GLOBIO
- Formation: 2001; 22 years ago
- Founder: Gerry Ellis
- Founded at: Portland, Oregon
- Type: Nonprofit
- Purpose: Environmental Education; Conservation Awareness; Great Ape Literacy;
- Headquarters: Portland, Oregon
- Methods: Delivering Visual Content; Cultivating Conservation Impact; Mobilizing Support;
- Executive Director: Gerry Ellis
- Affiliations: NAAEE;
- Website: https://globio.org/
- Formerly called: Global Biodiversity Education for Children Foundation

= GLOBIO =

Environmental conservation organization

GLOBIO is a USA-based, Portland, Oregon conservation media non-profit. GLOBIO creates primate and conservation science films, videos and podcasts. The organization's mission is to support conservation organizations across Equatorial Africa and SE Asia and shares their stories globally while educating the public about our shared environmental issues through a connection to great apes.

==History==
GLOBIO was founded by the environmental film-maker and photographer Gerry Ellis in 2001.
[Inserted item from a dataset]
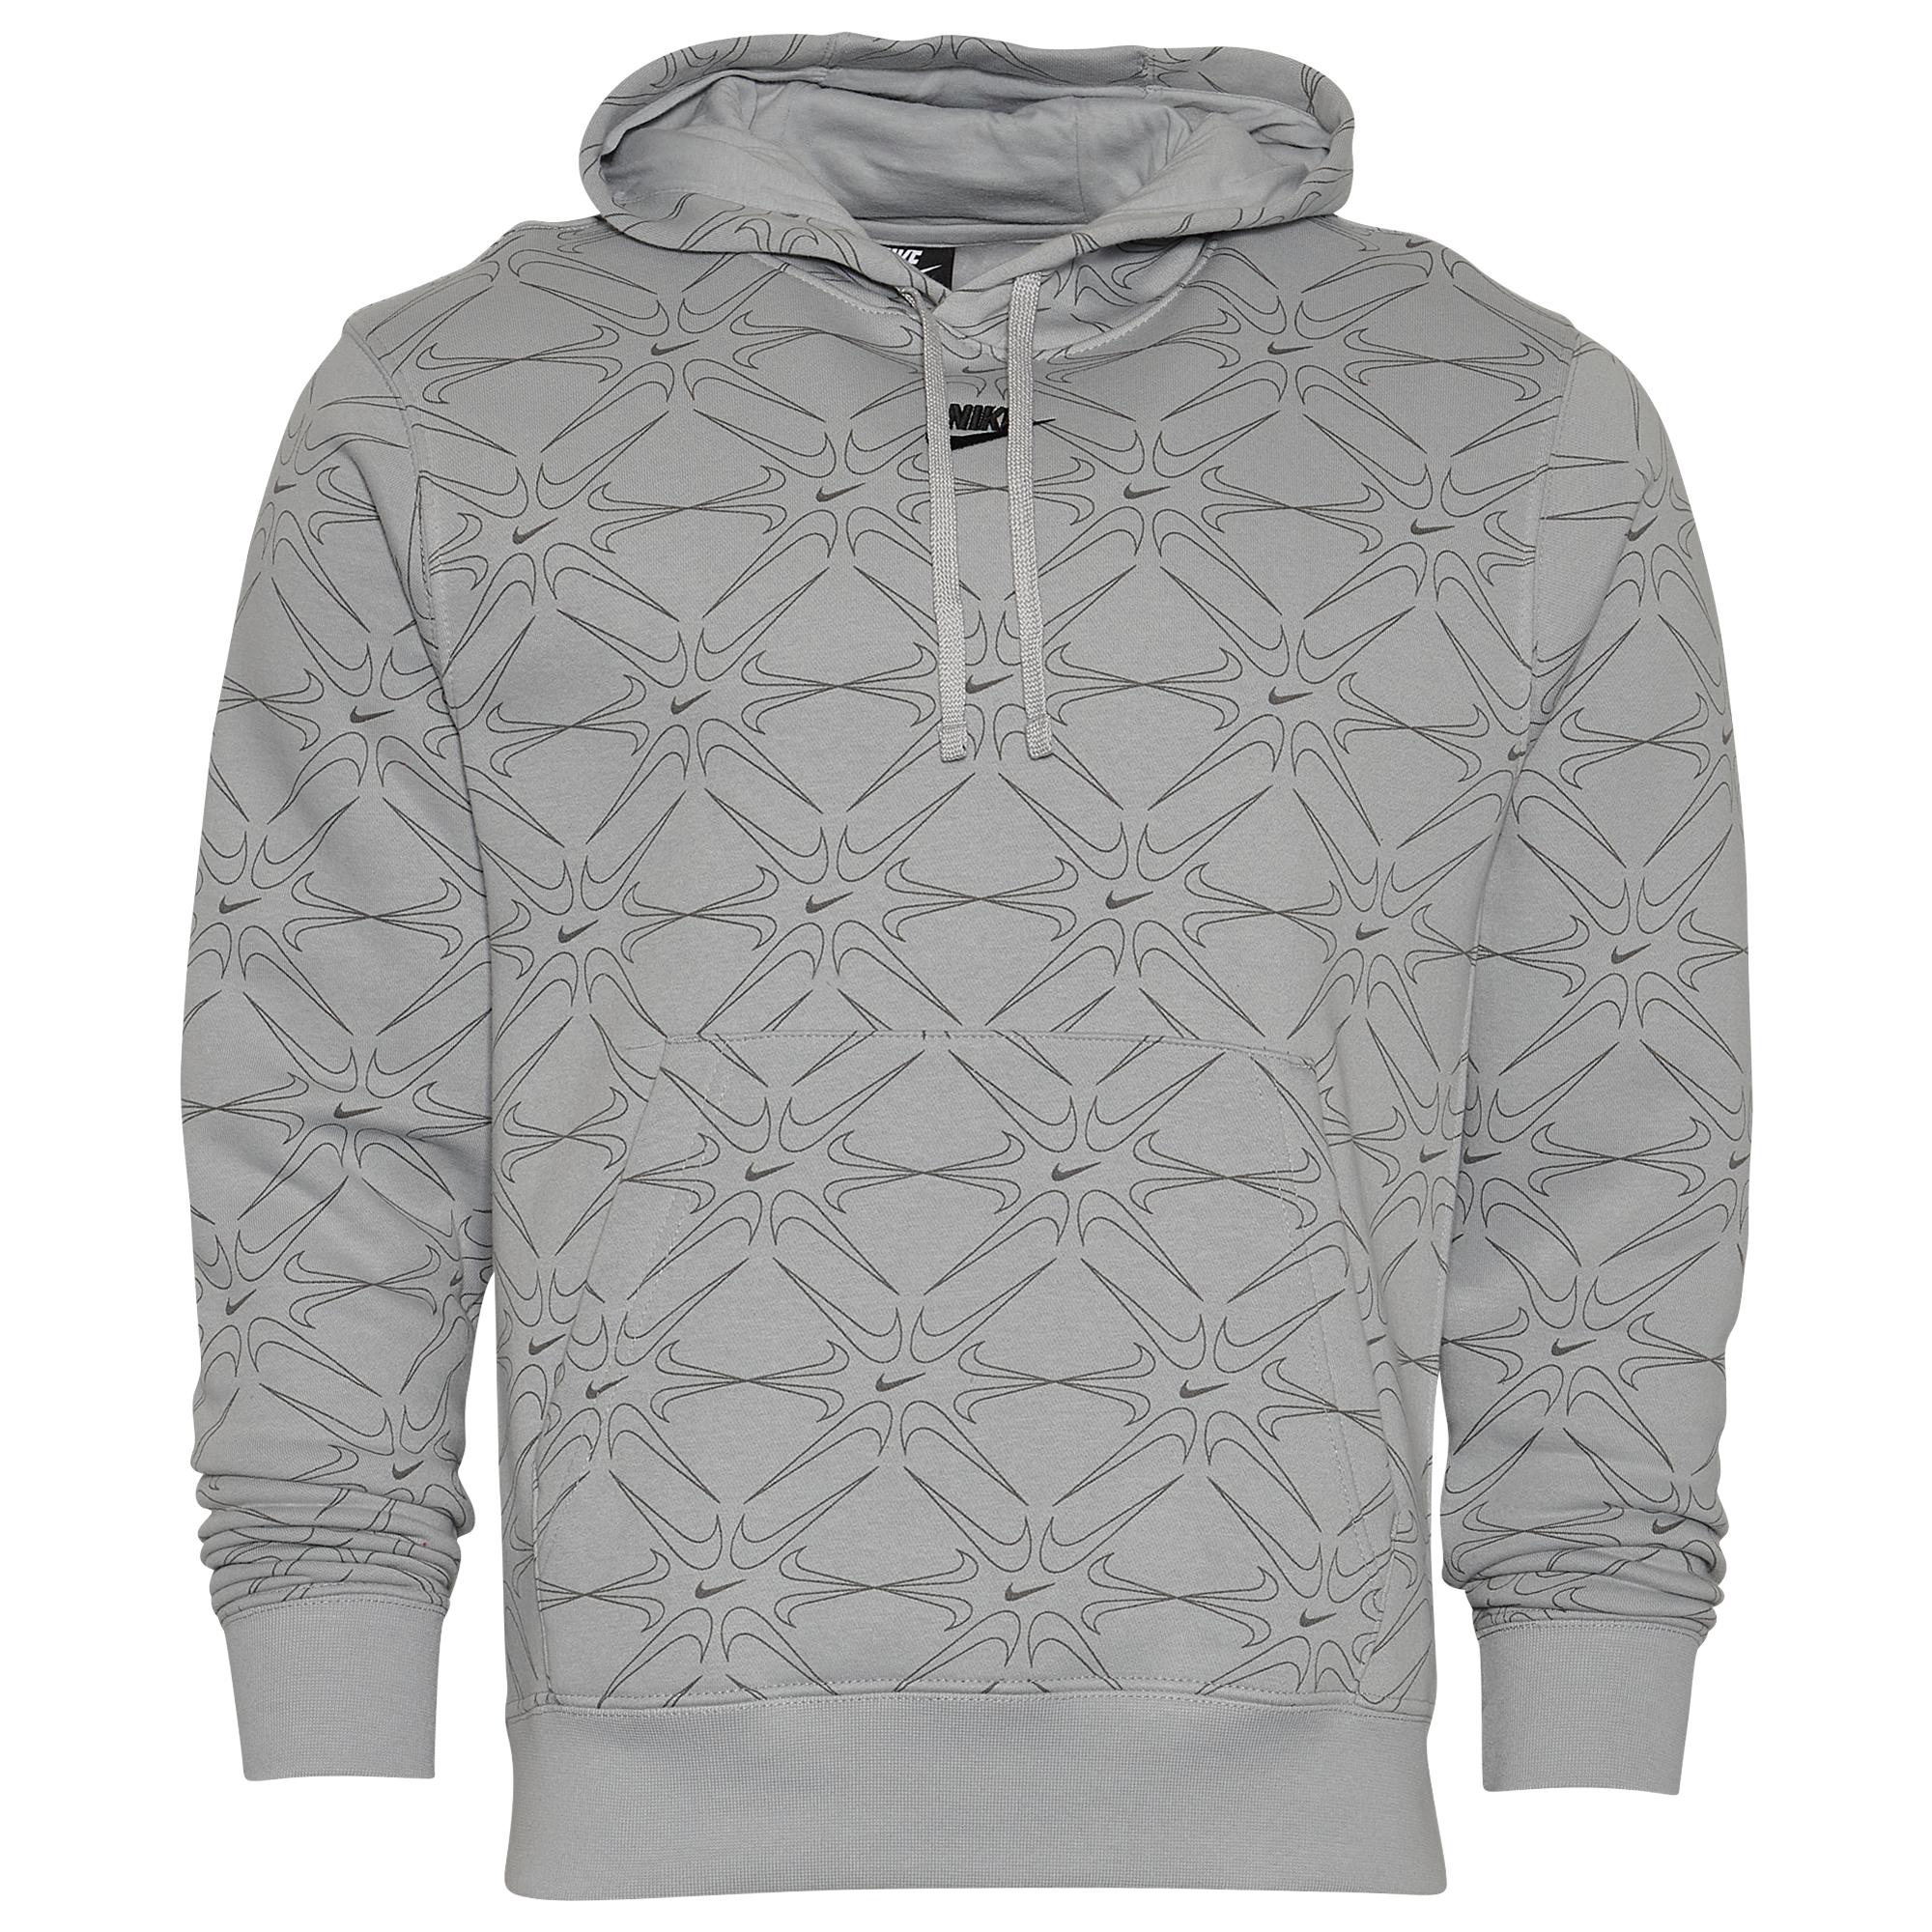 Nike Aop Gel Fleece Pullover Hoodie in Grey/Black (Gray) for Men - Lyst
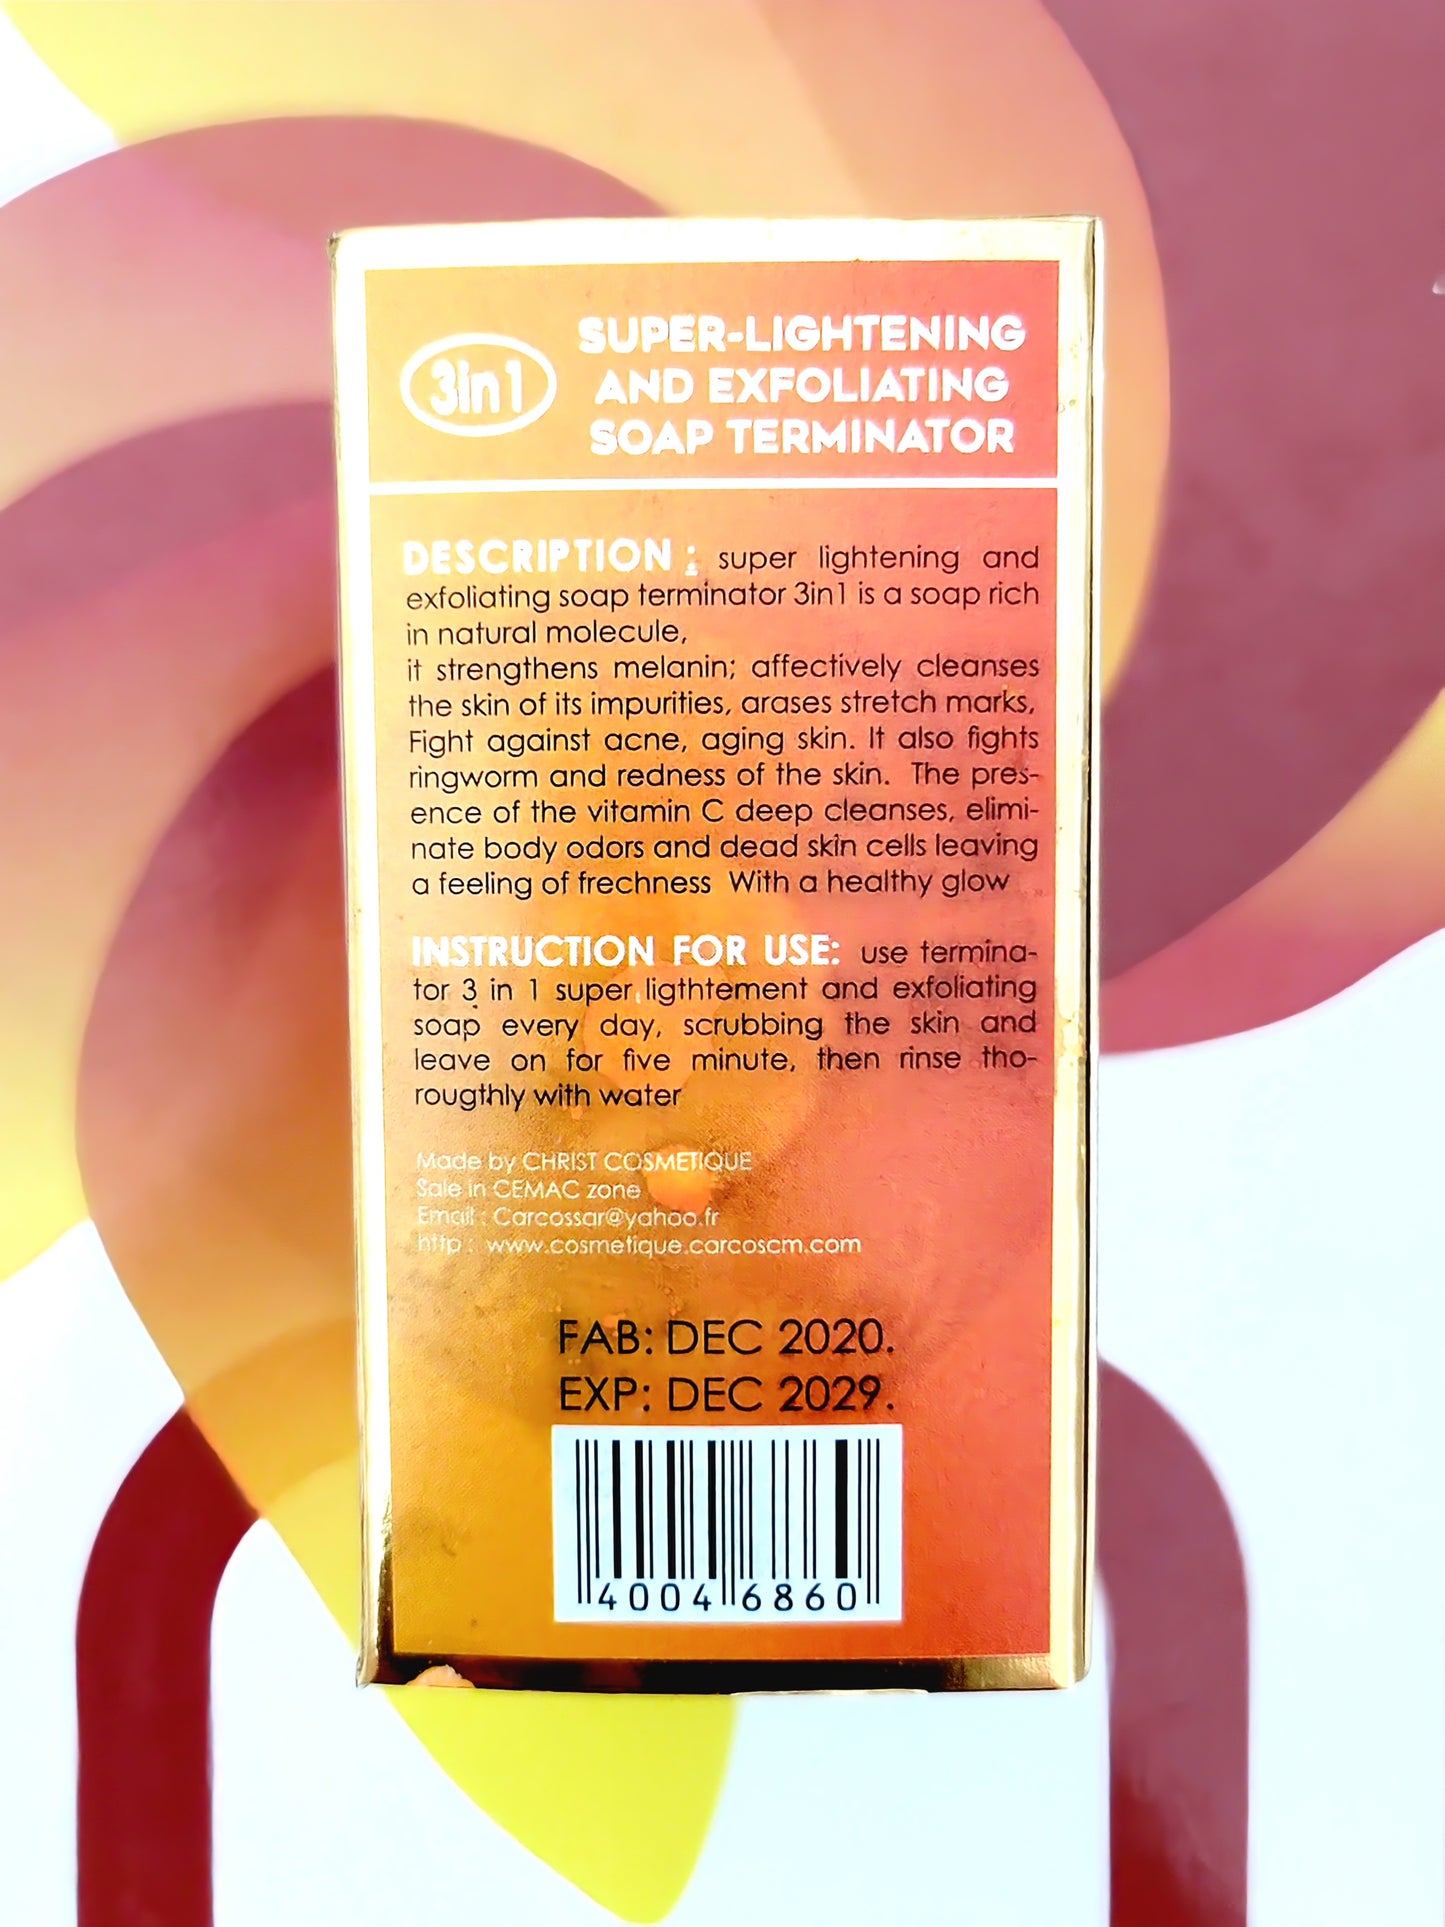 Super-Lightening and Exfoliating Soap Terminator 3in1 200g

In 2004 the American charity began developing internet-based and hands-on educational resources to increase children's awareness and understanding about biological and cultural diversity.

Web resources developed by GLOBIO previously included the child-centric, free, online multimedia encyclopedia named GLOSSOPEDIA© (as of 2017 is no longer available online). Initial versions of the GLOSSOPEDIA© project were funded by a Toyota USA Foundation grant and private donations. Its project partners include the Wolong Nature Reserve in China, Folkmanis Puppets, and the North American Association for Environmental Education.

In 2012 the organization moved away from resource development to focus of content creation that could be served on the Internet and emerging social media digital platforms. The great ape media project was created in 2014 (originally named GreatApes2020). Now called Apes Like Us©, The project was formalized and expanded in 2017 to become a major program area of GLOBIO. Apes Like Us has created over 50 educational and awareness videos viewable on a dedicated Apes Like Us YouTube channel.

With the onset of COVID-19 in 2020, and the restriction of international air travel, and the closure of many national parks and conservation areas home to great apes, GLOBIO launched the Talking Apes podcast as an educational awareness outreach program. The podcast features conversations with scientists (Dr. Brina Pobiner), anthropologists, primatologists (Richard Wrangham, Cat Hobaiter), veterinarians, science writers and journalists (David Quammen, Carl Safina), artists and primate conservationists to increase awareness of the connection between humans and the rest of the primate world.